-------- Material provided --------

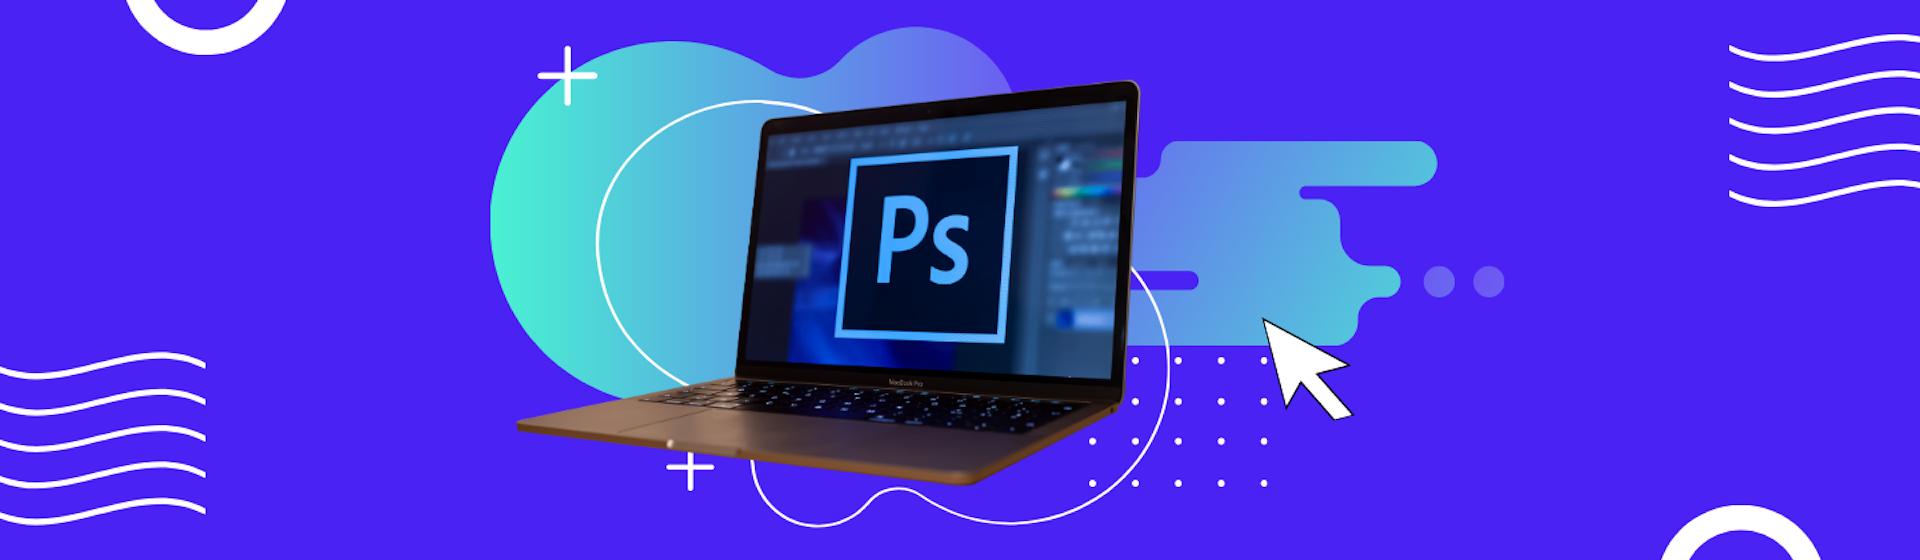 ¿Cómo hacer un fotomontaje en Photoshop? 5 pasos para transformar tus fotografías
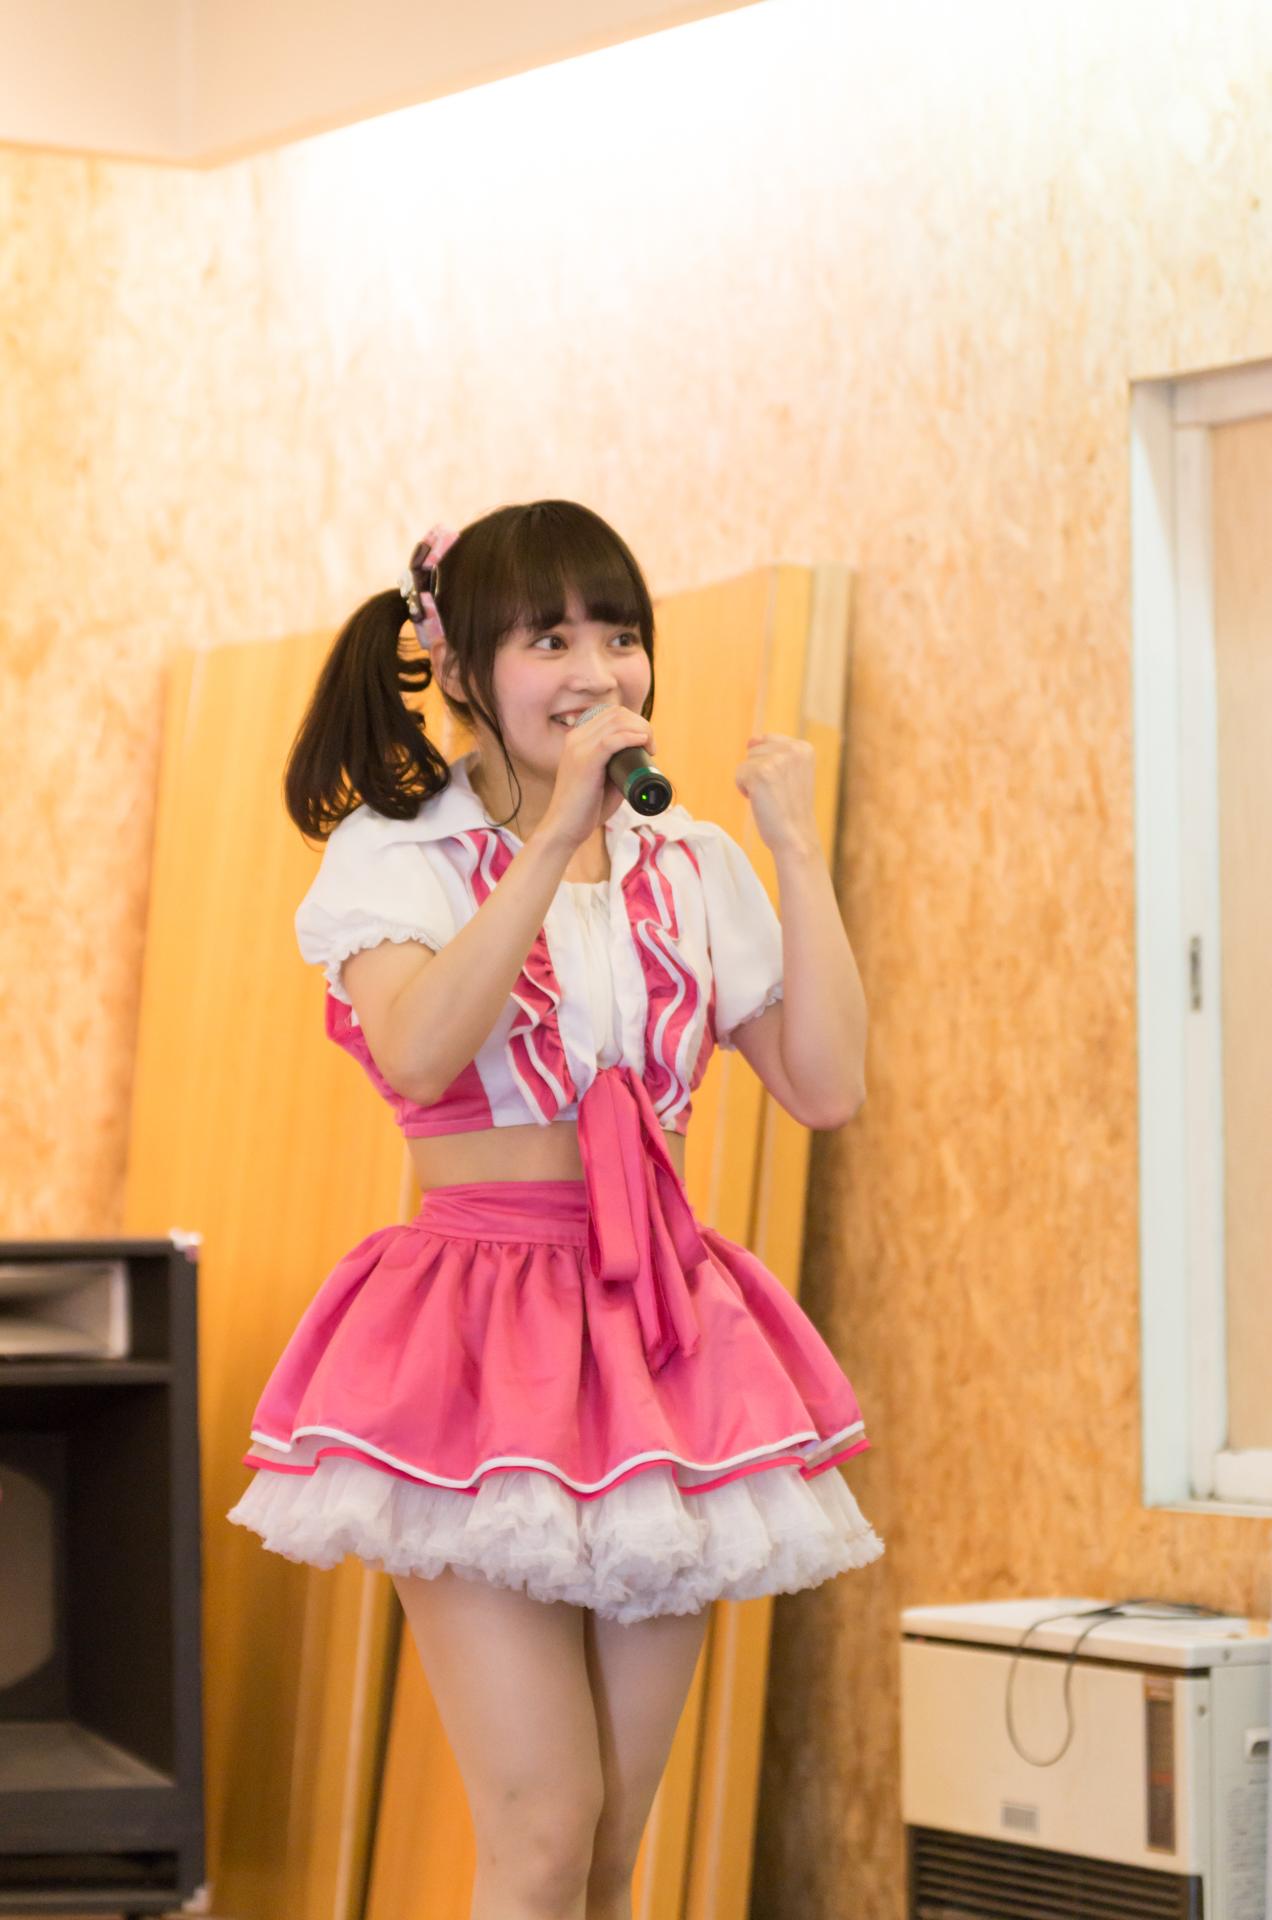 2代目HAPPY少女♪ ゆいな ( 宮崎ゆいな ) | 苗の木Live&Party Vol.1
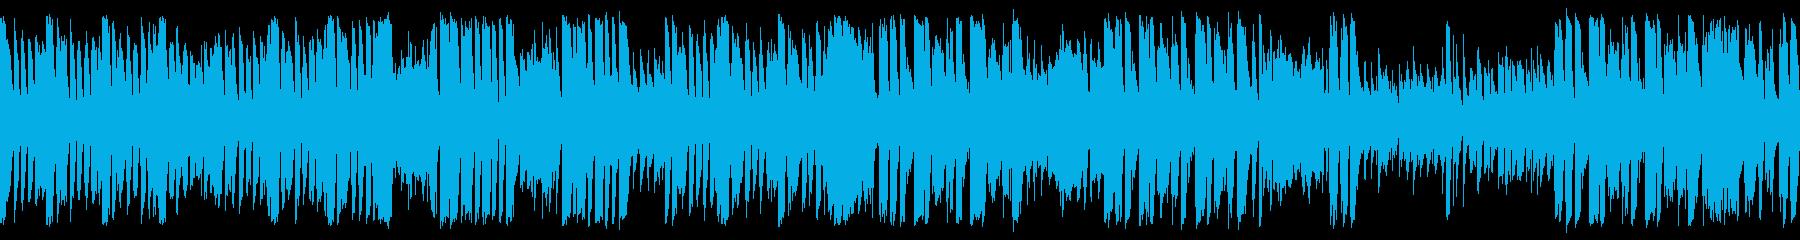 豪華ノリノリなジャズビッグバンド(ループの再生済みの波形
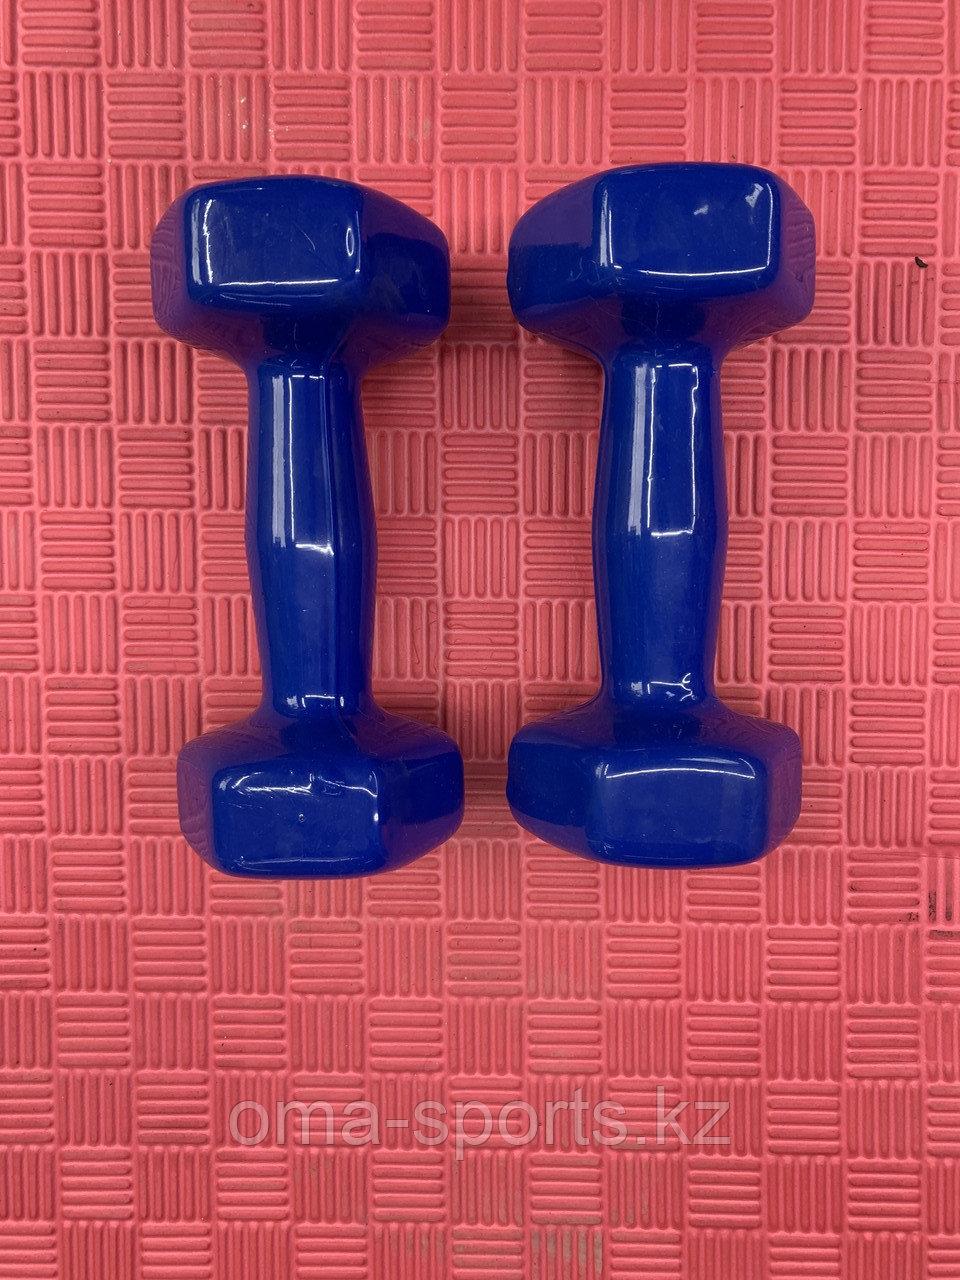 Гантели резиновые 3 кг - фото 2

--------

What you need to do: Begin at the line containing "2代目HAPPY少女♪ ゆいな ( 宮崎ゆいな" and restate exactly every line through the end of the material, skipping the pictures.

Solution to this task:
 2代目HAPPY少女♪ ゆいな ( 宮崎ゆいな ) | 苗の木Live&Party Vol.1
 豪華ノリノリなジャズビッグバンド(ループの再生済みの波形
 Гантели резиновые 3 кг - фото 2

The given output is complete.